RDF
Growing RDF mindshare reflected in XML Web Services One keynote
17:40, 7 Jun 2002 UTC | Uche Ogbuji

The halls and meeting rooms at the XML Web Services One conference in San Jose were abuzz with discussion of RDF technology, and the keynote presentation by Willaim Ruh, Sr. VP of Professional Services at Software AG, focused on the importance of semantic Web technologies to the future of Web services.

Throughout the conference both speakers and attendees were discussing RDF and showing themselves knowledgeable of the technology, and even higher-level ones such as DAML+OIL. In what might be a surprise to some, at least two prominent sessions by Microsoft speakers made significant mention of RDF and its possible role in Web services. Don Box mentioned it in his keynote on Web services technologies and Karsten Januszewski mentioned it in his session on UDDI in .NET.

In Ruh's keynote, entitled "Semantic Web - A Good Vision, But How to Get There?", Ruh plumbed these ideas further, from a business rather than technical point of view.

In an interesting and clever twist, Ruh held up the US dollar bill as the perfect exemplar for what semantic Web technologies should ensure. He pointed out that it is:

  • self-describing
  • hard to forge
  • convertible
  • issued by a trusted authority
  • a world-wide standard
  • easy to understand
  • machine readable

Ruh stressed that the Semantic Web is not a new Web but an extension of the existing one. He also clarified that it is about allowing machines to comprehend semantic documents and data, and not about understanding natural human speech and writing. He stressed that the Semantic Web need not be a rehash of classic (and some would say discredited) AI.

Ruh said that the Semantic Web involves structured markup, metadata and "knowledge about knowledge". He said the cornerstones are ontologies, RDF and XML, in that order, top to bottom, as a layer cake. He defined an ontology as a document that formally defines the relationships between terms.

Ruh did mention several factors that could impair the Semantic Web. He pointed out that we produce 1 exabyte of digital information each year, and that most of it is not marked up as structured documents. He also pointed out that understanding and buy-in to the cornerstone technologies of the Semantic Web seemed to stop at XML in too many organizations. Finally, he said that most projects, programming time is wasted because of impedance mismatches between code and the concepts underlying the code.

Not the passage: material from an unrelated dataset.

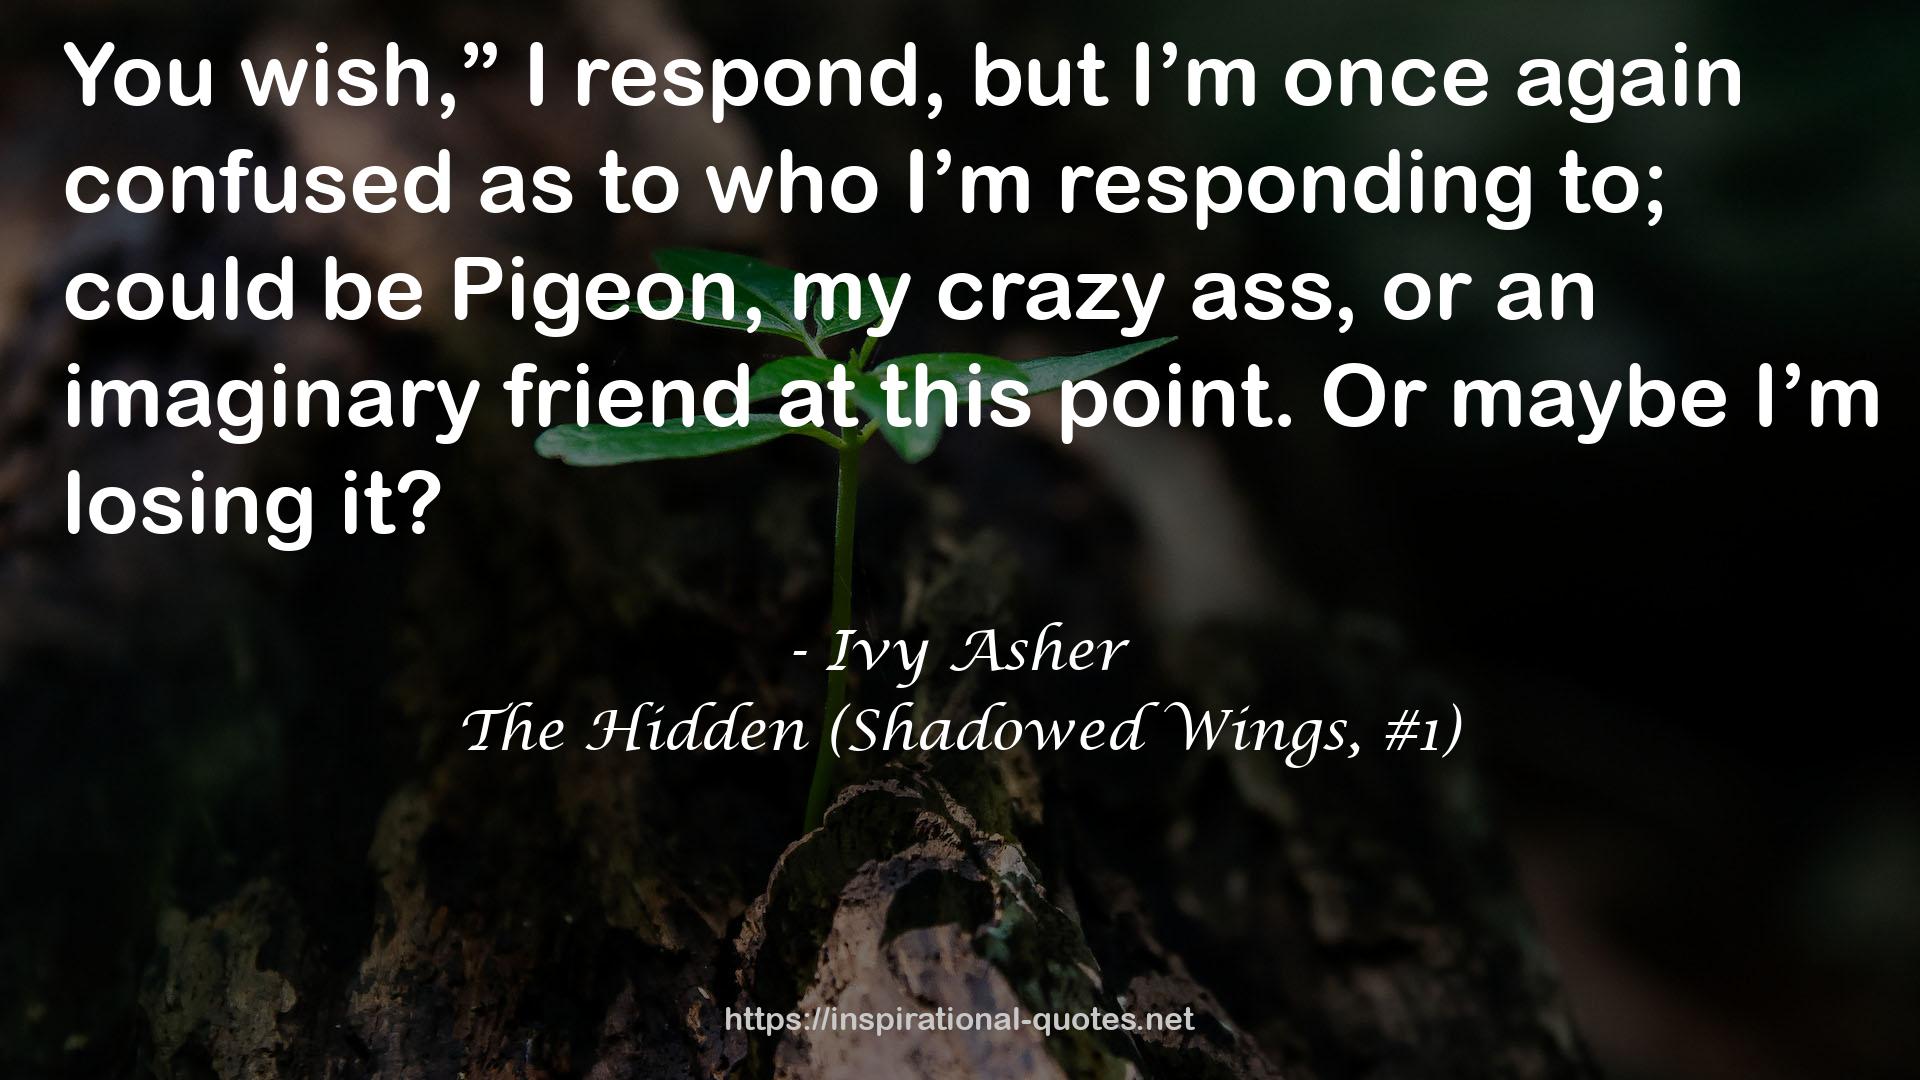 The Hidden (Shadowed Wings, #1) QUOTES

He called out a tendency for people to try to separate data from applications from business process, saying this is wrong-headed and costs a lot of problems in IT, especially for integration.

At this point Ruh asked how many people in the room had known of RDF before attending the conference. A bit less than half the nearly 200 present raised their hands. Ruh acknowledged that the high proportion surprised, but pleased him.

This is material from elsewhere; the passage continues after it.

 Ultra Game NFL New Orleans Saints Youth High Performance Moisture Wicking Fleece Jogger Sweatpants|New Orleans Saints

Ruh pointed out that RDF and Ontologies support making business processes work better, and combine more smoothly with data and applications. He claimed that "XML document[s are] the foundation for process-centric architectures" and showed how XML integrates data, metadata, process, linking and applications. He pointed out how the document view of Web services takes advantage of this power better than the view of Web services as a bunch of discrete, procedural APIs.

Finally, Ruh gave a list excerpting from the many vertical industry initiatives working on basic ontologies based on XML, including automotive, chemical and petroleum exchanges, retail, finance, furnishing, health care, telecommunications, insurance and e-commerce. He also discussed how the architecture he advocates might be implemented using XML server and broker technology, and gave an example of how Software AG used this approach in deploying their Tamino XML products for DaimlerChrysler.

Re: Growing RDF mindshare reflected in XML Web Services One keynote (bryan - 08:20, 14 Jun 2002)

I seem to remember an article a long time ago from MIT's Markup Technologies theory and Practices magazine; http://mitpress.mit.edu/catalog/item/default.asp?sid=9EE44233-0E83-4426-A15E-B5CD4469DF7E&ttype=4&tid=14 (that's just the home not a link to the article as their website is hell to navigate) where the subject was using DAML-OIL as a Web services description language, allowing agent based discovery of services :) hmm someone could call it WSDL hmmm I think perhaps the focus on RDF coming from the Web Services crowd is driven by the realization that WSDL is not particularly useful. Last year I worked on a service that was going to be supported by the Danish Government(until the election shifted everything towards the right) for documenting human rights abuses and found DAML-OIL a good solution for building a service discovery layer for various organizations to query different varieties of abuse, and abuse cases.